Die entsprechende Zeile der /etc/fstab sollte schließlich so aussehen:

/media/2nd_hdd/.geheim /media/2nd_hdd/geheim ecryptfs noauto,user,ecryptfs_check_dev_ruid,ecryptfs_cipher=aes,ecryptfs_key_bytes=16,ecryptfs_sig=bba5322e6b198732,ecryptfs_fnek_sig=de277bb623fd467c 0 0

Das Verzeichnis kann nun schon eingehängt und getestet werden.
Zwingend erforderlich ist dabei erneut die Verwendung der Option -i.

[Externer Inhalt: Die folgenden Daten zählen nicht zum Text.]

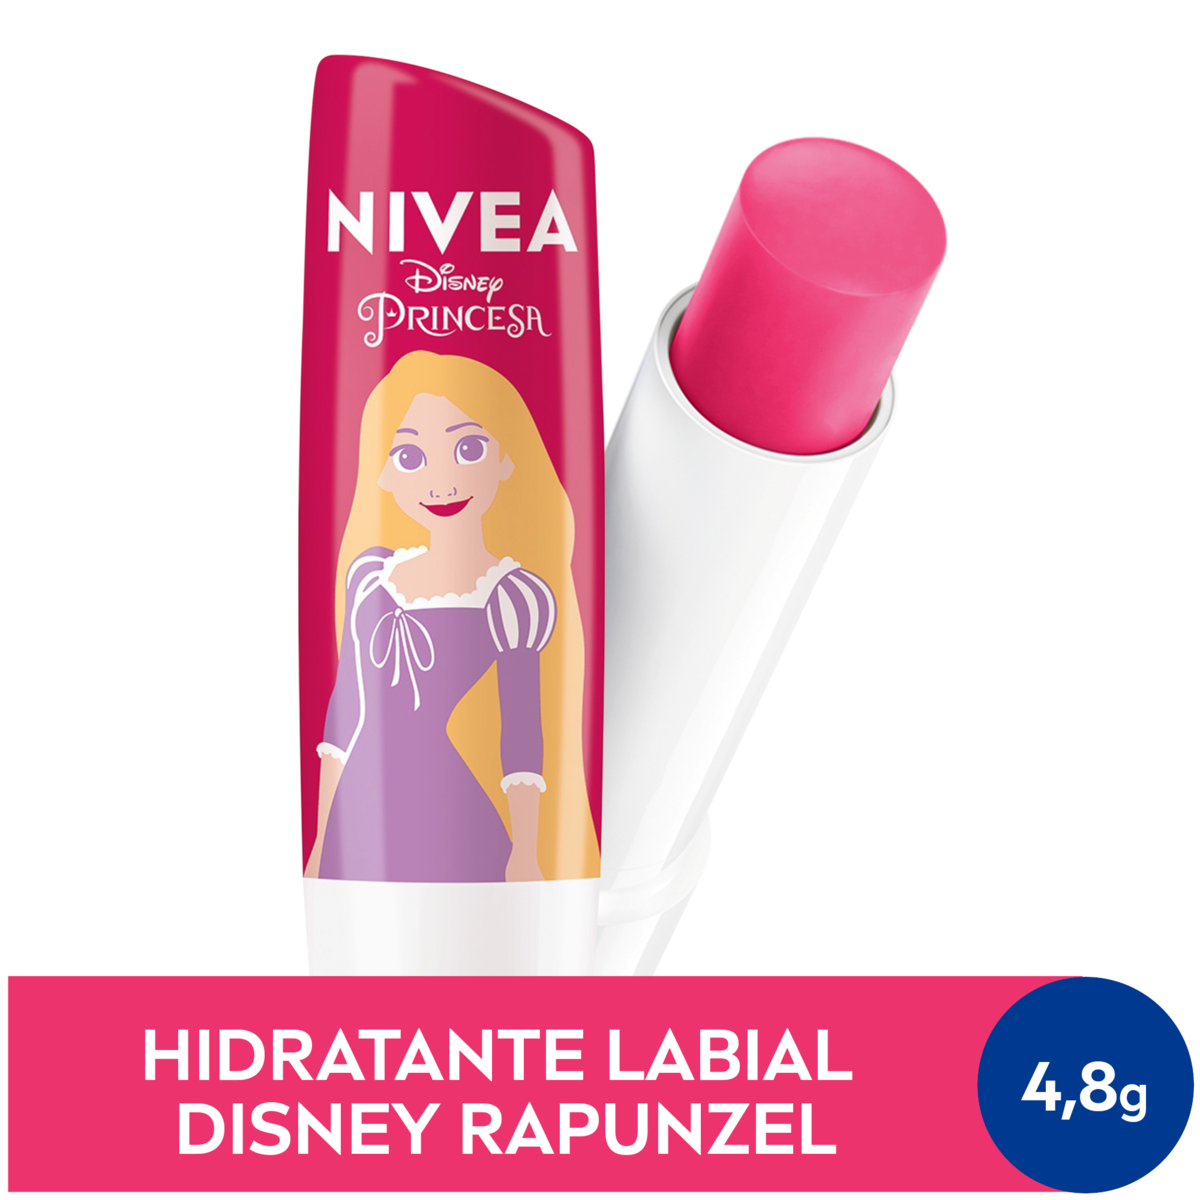 Hidratante Labial Nivea Disney Rapunzel Ed. Limitada Melancia Shine - 4,8g 4,8g

$ mount -i media/2nd_hdd/geheim/
$ touch media/2nd_hdd/geheim/test.txt
$ ls /media/2nd_hdd/.geheim/
ECRYPTFS_FNEK_ENCRYPTED.FWbS7riq6zp4T-QHDQIzEkaI3VmLeOS0h8DGCRWss-F8TsFQu6HQzJ3bJU-- 

Automatisches Einhängen

Das PAM-Modul pam_ecryptfs kann bei der Anmeldung nur das vorkonfigurierte Verzeichnis einhängen. Um das selbstdefinierte Verzeichnis einzuhängen, ist ein weiteres Modul notwendig. Dazu wird pam_mount verwendet, welches nachinstalliert werden muß. Im Terminal geschieht dies bespielsweise mit:

sudo apt-get install libpam-mount 

Die Einrichtung erfolgt durch Bearbeitung der Konfigurationsdatei /etc/security/pam_mount.conf.xml mit Rootrechten in einem Texteditor der Wahl.

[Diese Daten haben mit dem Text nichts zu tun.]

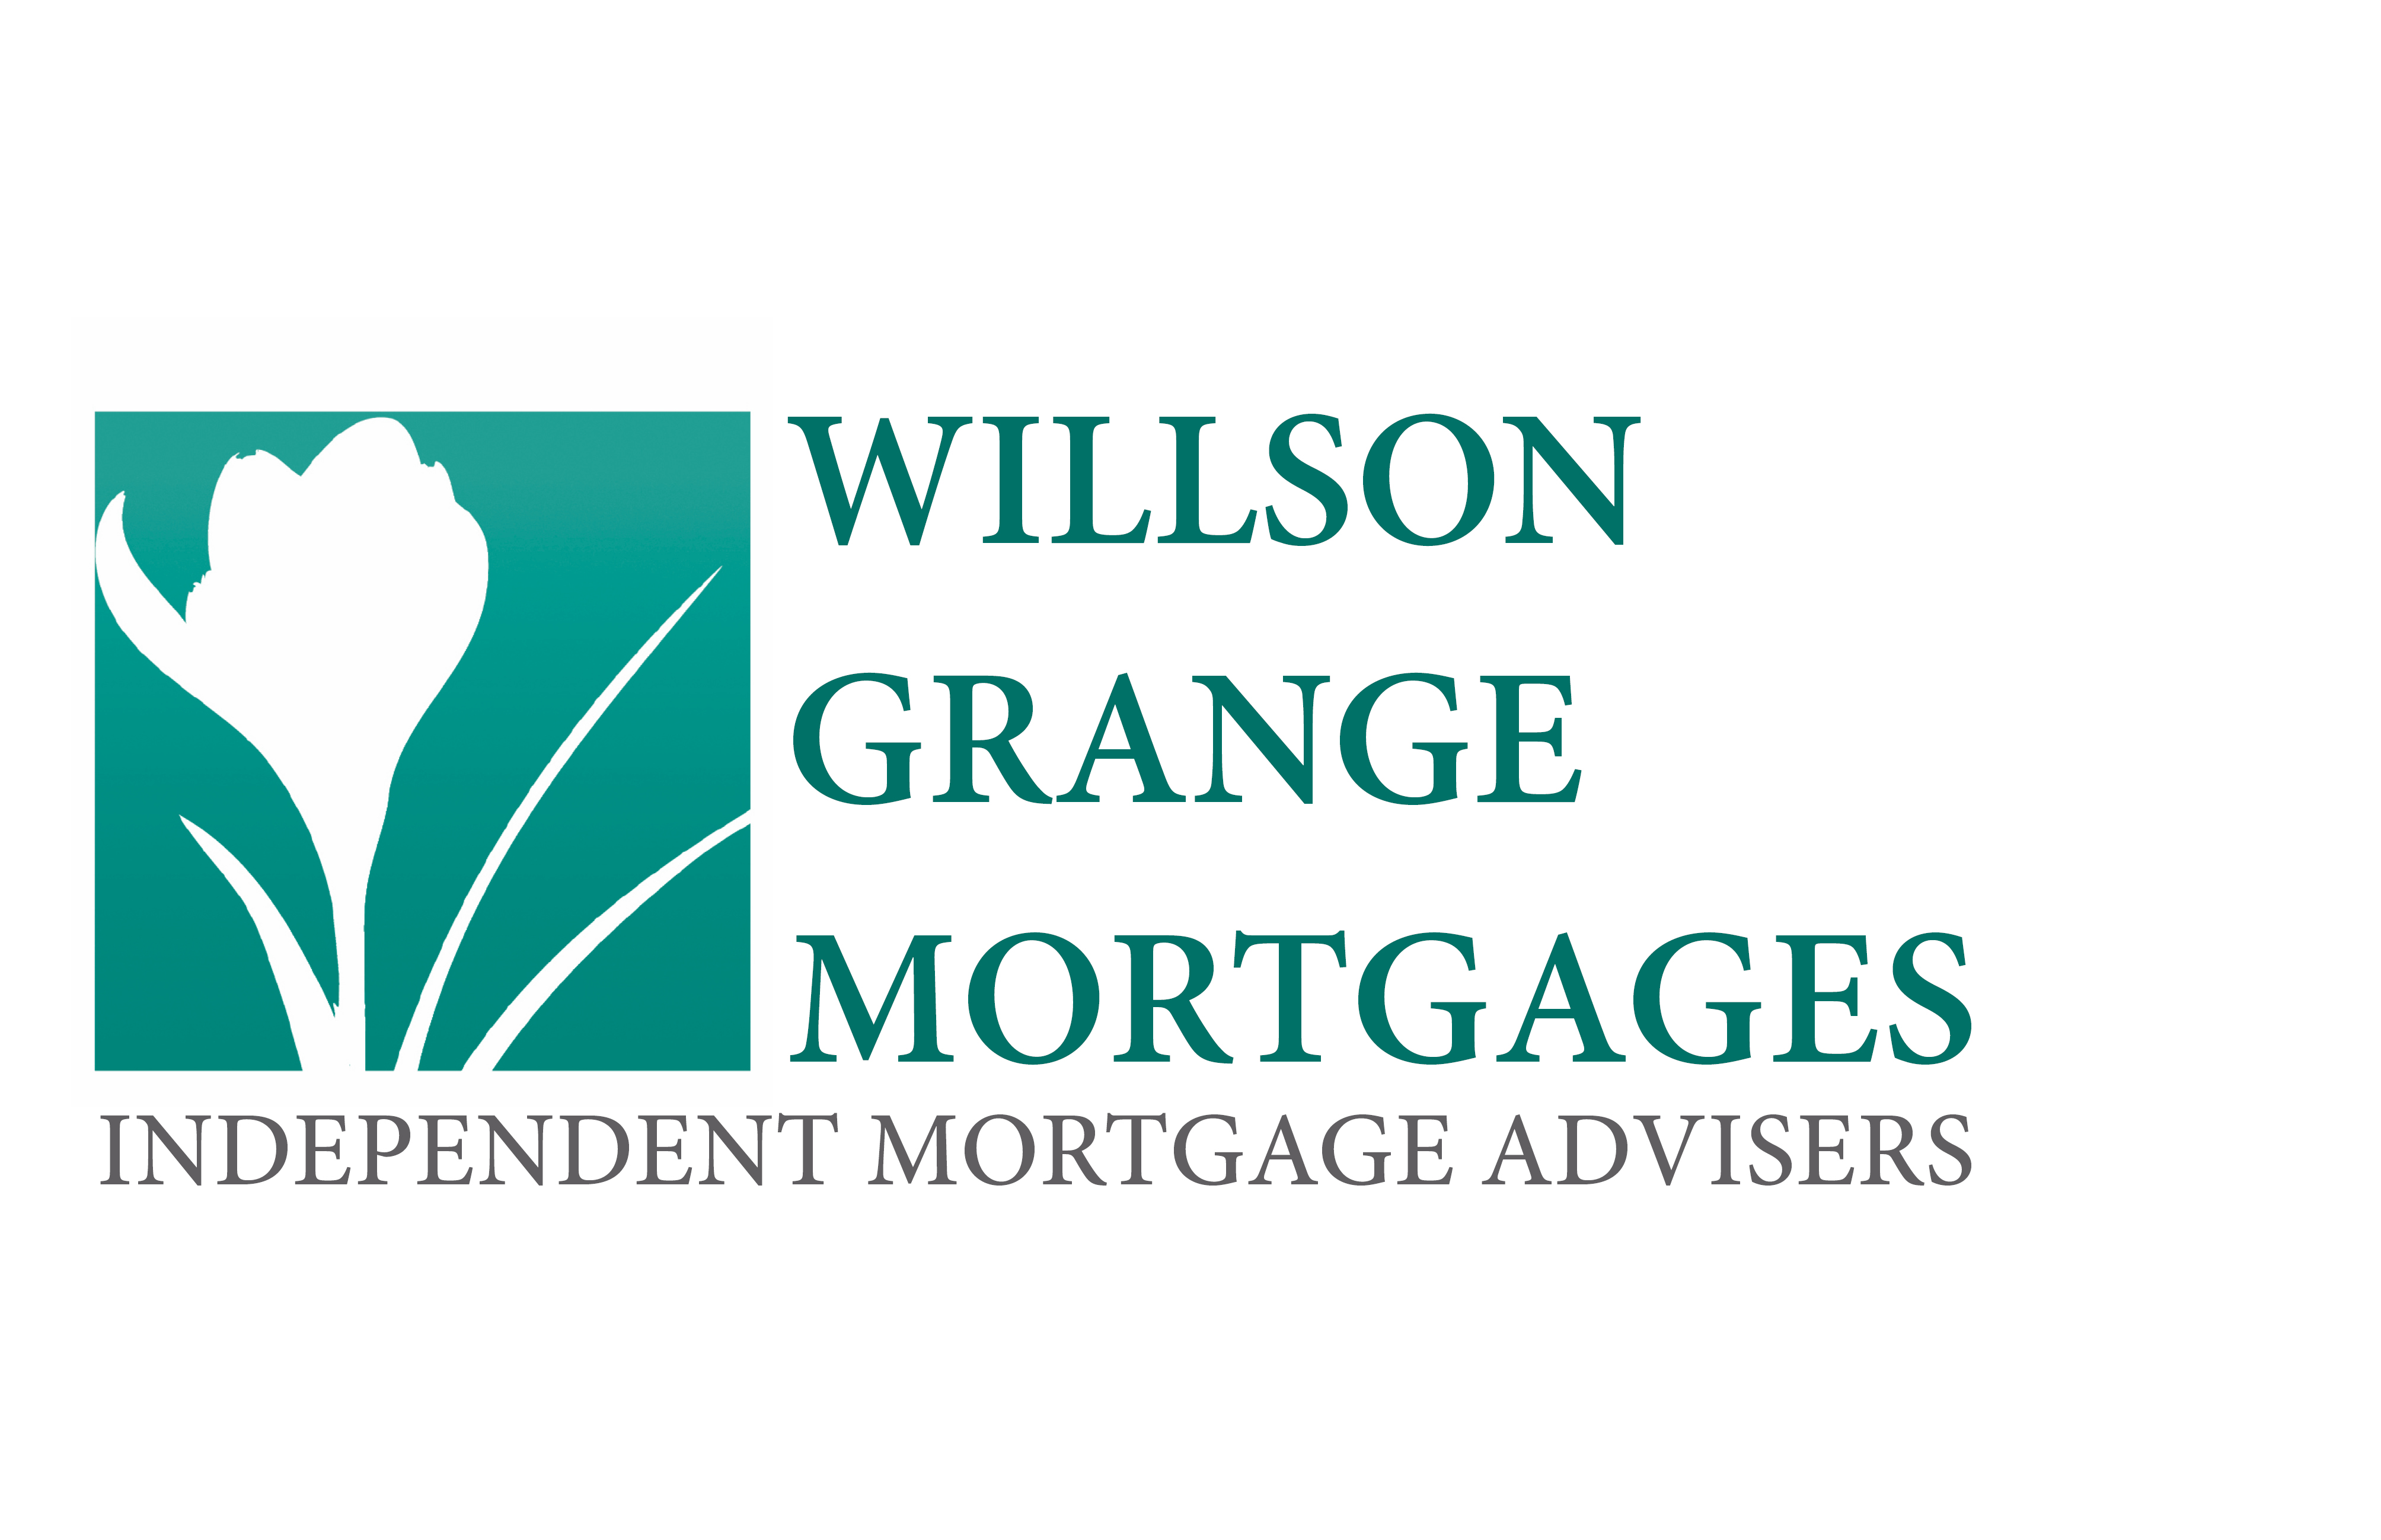 Wilson Grange Mortgages

Dazu wird nach dem Kommentar "<!-- Volume definitions -->" folgender Abschnitt eingefügt.

Dabei definiert

		<!-- Volume definitions -->

<volume user="BENUTZERNAME" noroot="1" fstype="ecryptfs" path="/media/2nd_hdd/.geheim"/>
<lclmount>mount -i %(VOLUME) "%(before=\"-o\" OPTIONS)"</lclmount>

		<!-- pam_mount parameters: General tunables -->

Bei korrekter Einrichtung wird nun das Verzeichnis bei der Anmeldung automatisch entsperrt und bei der Abmeldung gesperrt werden.

Problembehebung

Kernel-Keyring einsehen

Zur Überprüfung, welche Passphrasen im Kernel-Keyring geladen sind, kann der Befehl keyctl verwendet werden.

Für nicht-privilegierte Bentutzer lautet der Befehl:

keyctl list @u 

Für den Benutzer root muss ein sudo vorangestellt werden:

sudo keyctl list @u 

Log-Datei für pam_mount

Sollte das Einhängen durch pam_mount fehlschlagen, können die entsprechenden Fehlermeldungen der Datei /var/log/auth.log entnommen werden.